Let's All Luge!

It is supposed to rain a lot over the three day weekend come up

NWS SYNOPSIS...A STRONG STORM APPROACHING FROM THE NORTHWEST WILL BRING RAIN...MOUNTAIN SNOW AND LOCAL STRONG GUSTY WINDS THIS AFTERNOON THROUGH SATURDAY. SHOWERS WILL BE HEAVY AT TIMES AND THERE COULD ALSO BE ISOLATED THUNDERSTORMS. SHOWERS WILL TAPER OFF SATURDAY NIGHT INTO SUNDAY MORNING. DRY BUT COOL WEATHER EARLY NEXT WEEK. CHANCE OF SHOWERS AGAIN DURING THE SECOND HALF OF NEXT WEEK.

It's been cold enough in the local mountains for it to snow

So I thought it would be a good time to break out

The Luge!


But I don't look good in licra, so maybe not the luge


But you know something high tech and cutting edge!


Something I can go real fast on


Something where I can obsess about the right piece of high tech equipment to use


Is it still a "quiver" of sleds?


Something I can get some air on!

Ten time world tray champion Kelly Sledder!

I understand that cafeteria tray  sledding is popular, I'll have no trouble making the switch. Its just colder water right?


Maybe we can make a movie


But something tells me I know how these things always turn out

Maybe I stay inside and read this weekend.

Comments

23b fan said…
excerpt from Legendary surfers Tijuana slough, good reading

Shark Attack, October 9, 1950

SAN DIEGO UNION -- October 9, 1950: A man-eating shark tore a chunk out of the thigh of a 31-year-old swimmer off Imperial Beach yesterday morning in what may be the first shark attack on a human ever reported in local waters.

"We had an El Nino kind of condition during the summer of 1950," Dempsey Holder recalled, beginning the story of the first known shark attack on a surfer in California. "The water was really warm, and there was a south swell -- southern hemisphere swell.
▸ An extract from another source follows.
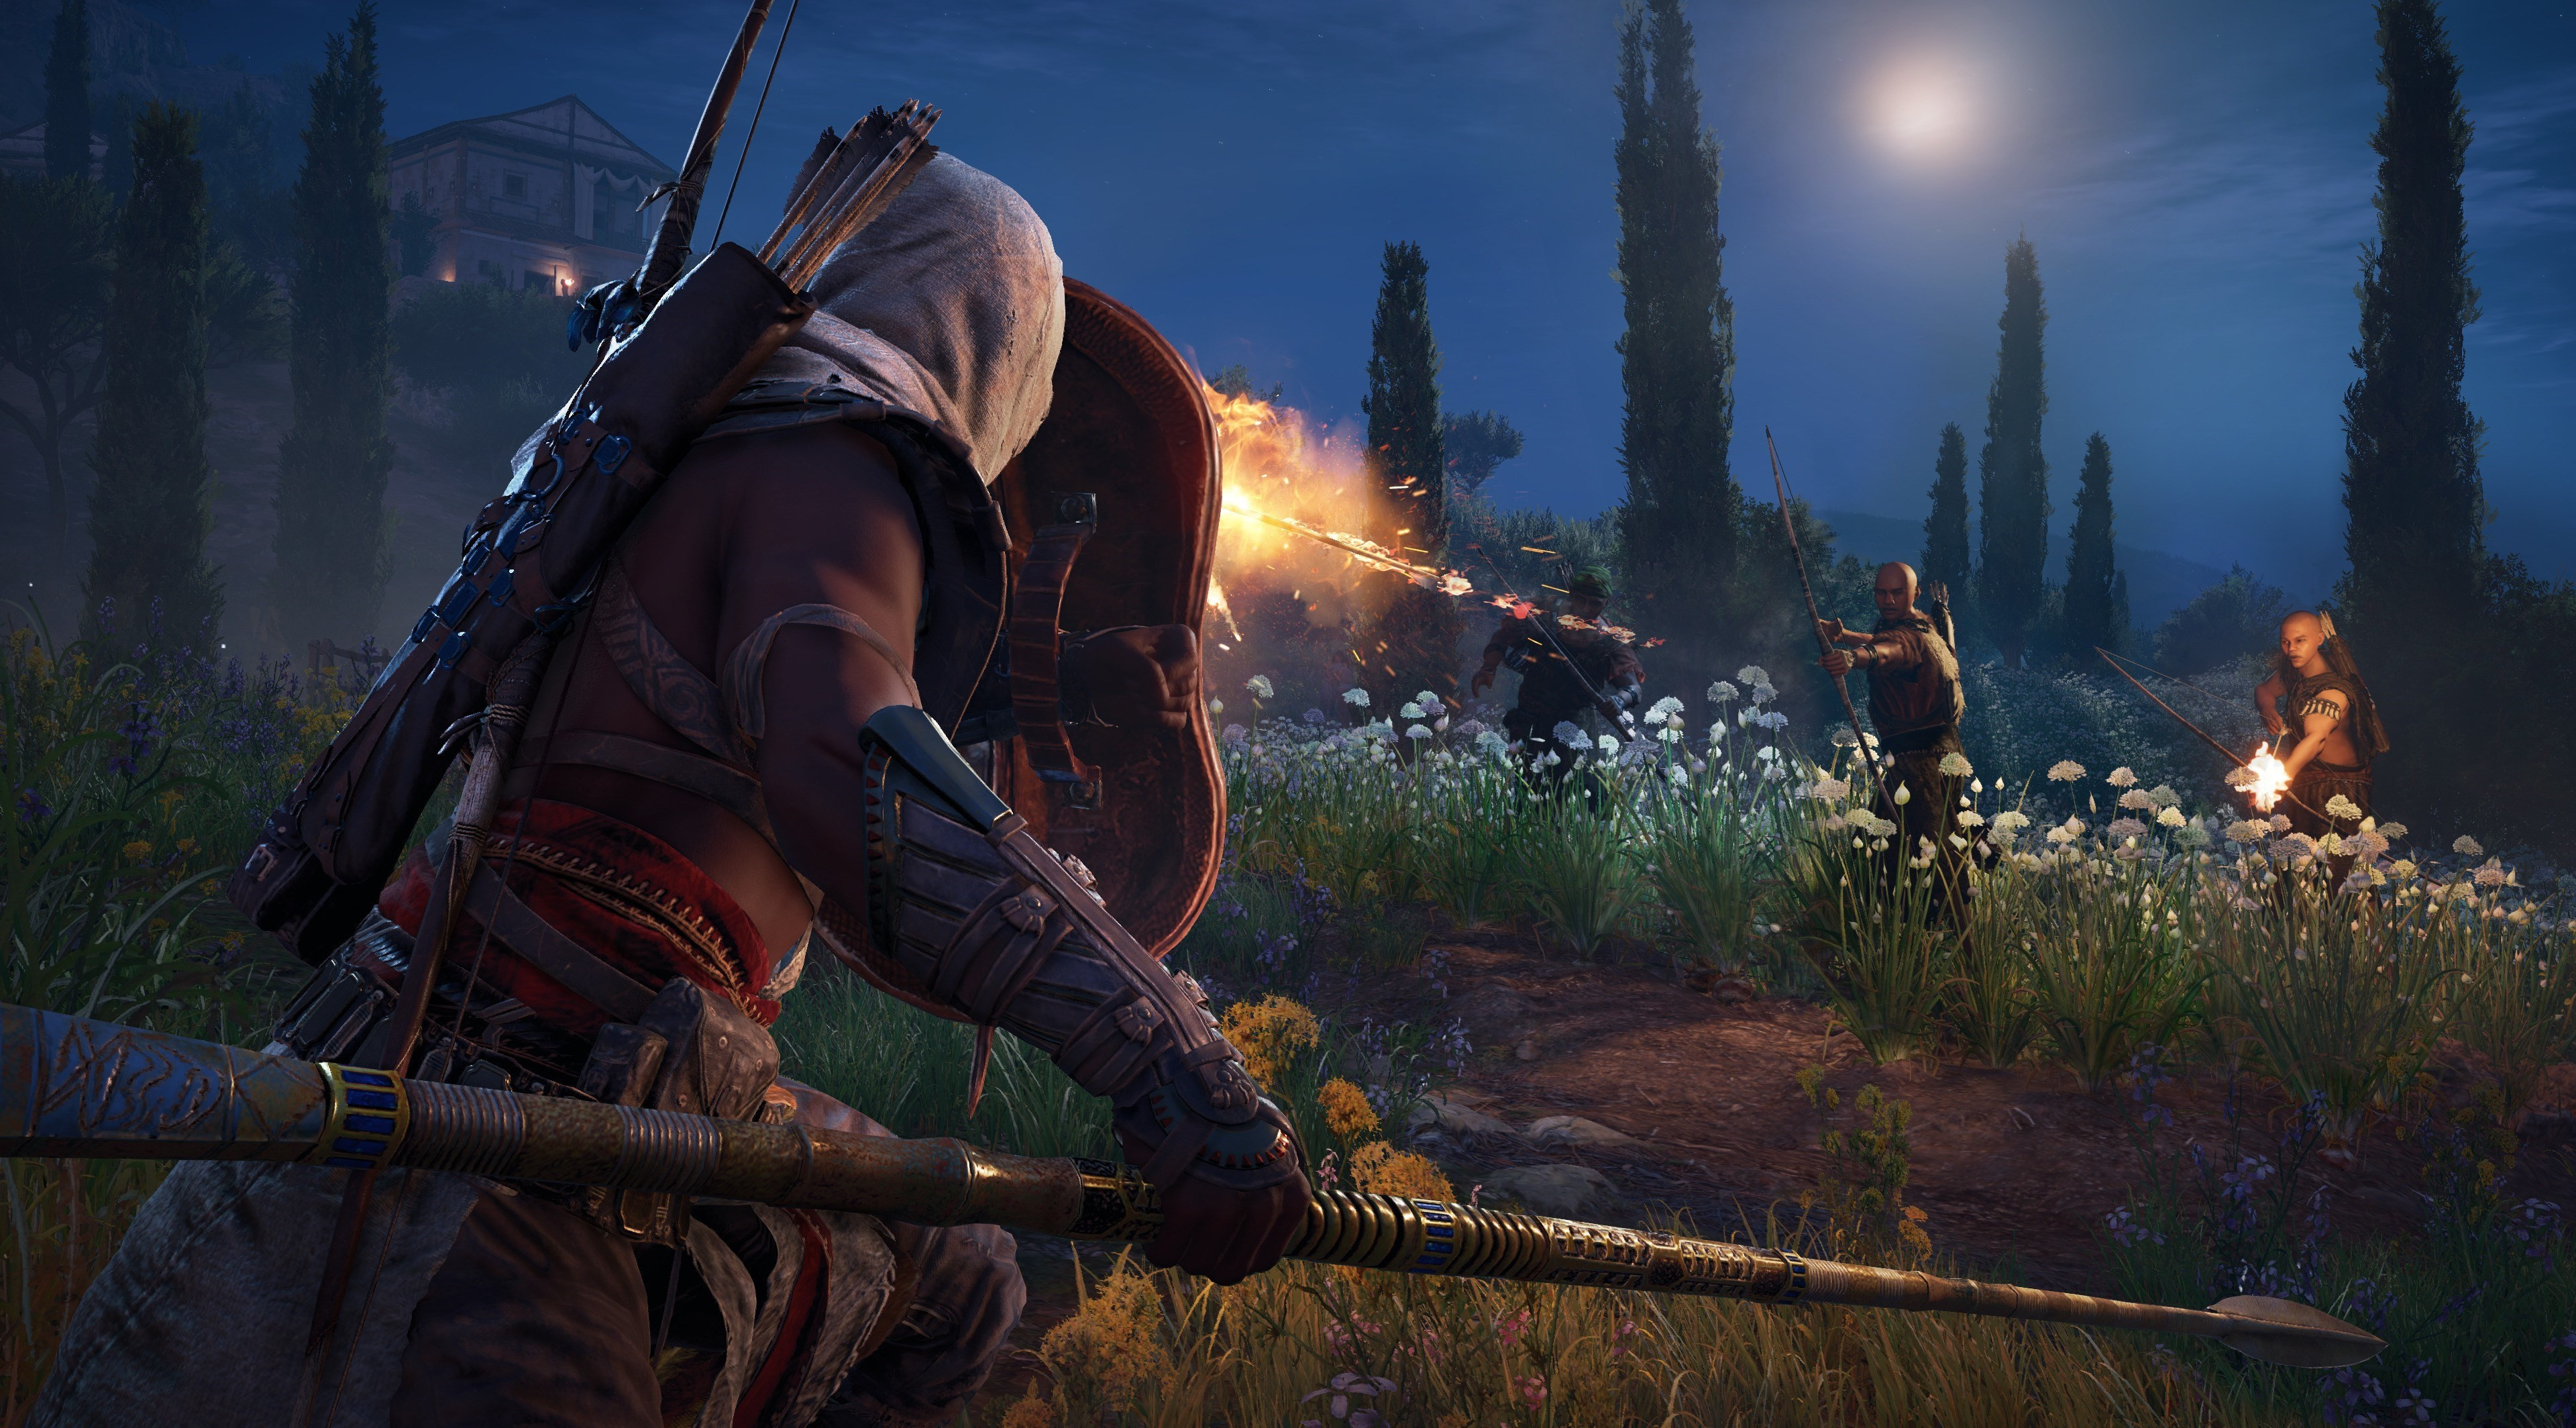 Assassin S Creed Origins Wallpaper 2178988 Zerochan Anime

Made for some beautiful surfing.

"Bob Campbell, Jim Lathers, Dave Hafferly and I went down to the Sloughs,"Dempsey continued. "Bob and Dave were bodysurfing, Jim had an airmat he wanted to try out there and I took out my surfboard. I was the first one out. The other guys were real slow in coming out. They were at least fifty yards behind me.

"All of a sudden I heard Bob Campbell holler something. Then Jim Lather hollered, 'Shark.' [Then] Bob hollered, 'Shark.' He had a real frightened tone in his voice. I was sitting there on my board thinking that he come out here for the first time in deep water and he saw a porpoise go by and just panicked. 'Boy,' I thought, 'He's going to be embarrassed... he really hollered.' Jim hollered at me again. It was a shark. I went over there but I didn't see the shark. There was blood in the water and Bob grabbed Jim's airmat.

"I put the board right underneath him and took him in," Dempsey went on. "Got bit -- I'm sure he pulled his legs up -- he had marks on his hands. He said it got him twice. Jim Lathers saw it. He said it looked like two fins and then it rolled over. We didn't take long, everybody was close to shore. I took him in on my board. He was bleeding from his legs. We took him to see Doc Hayes' he had a little office in the VFW.

"Bob looked kind of weak," Dempsey observed. "... he had that gray look. That shark must have taken a chunk of his leg the size of a small steak."

"We had always regarded the specter of death as a big dorsal fin," summed-up Dempsey.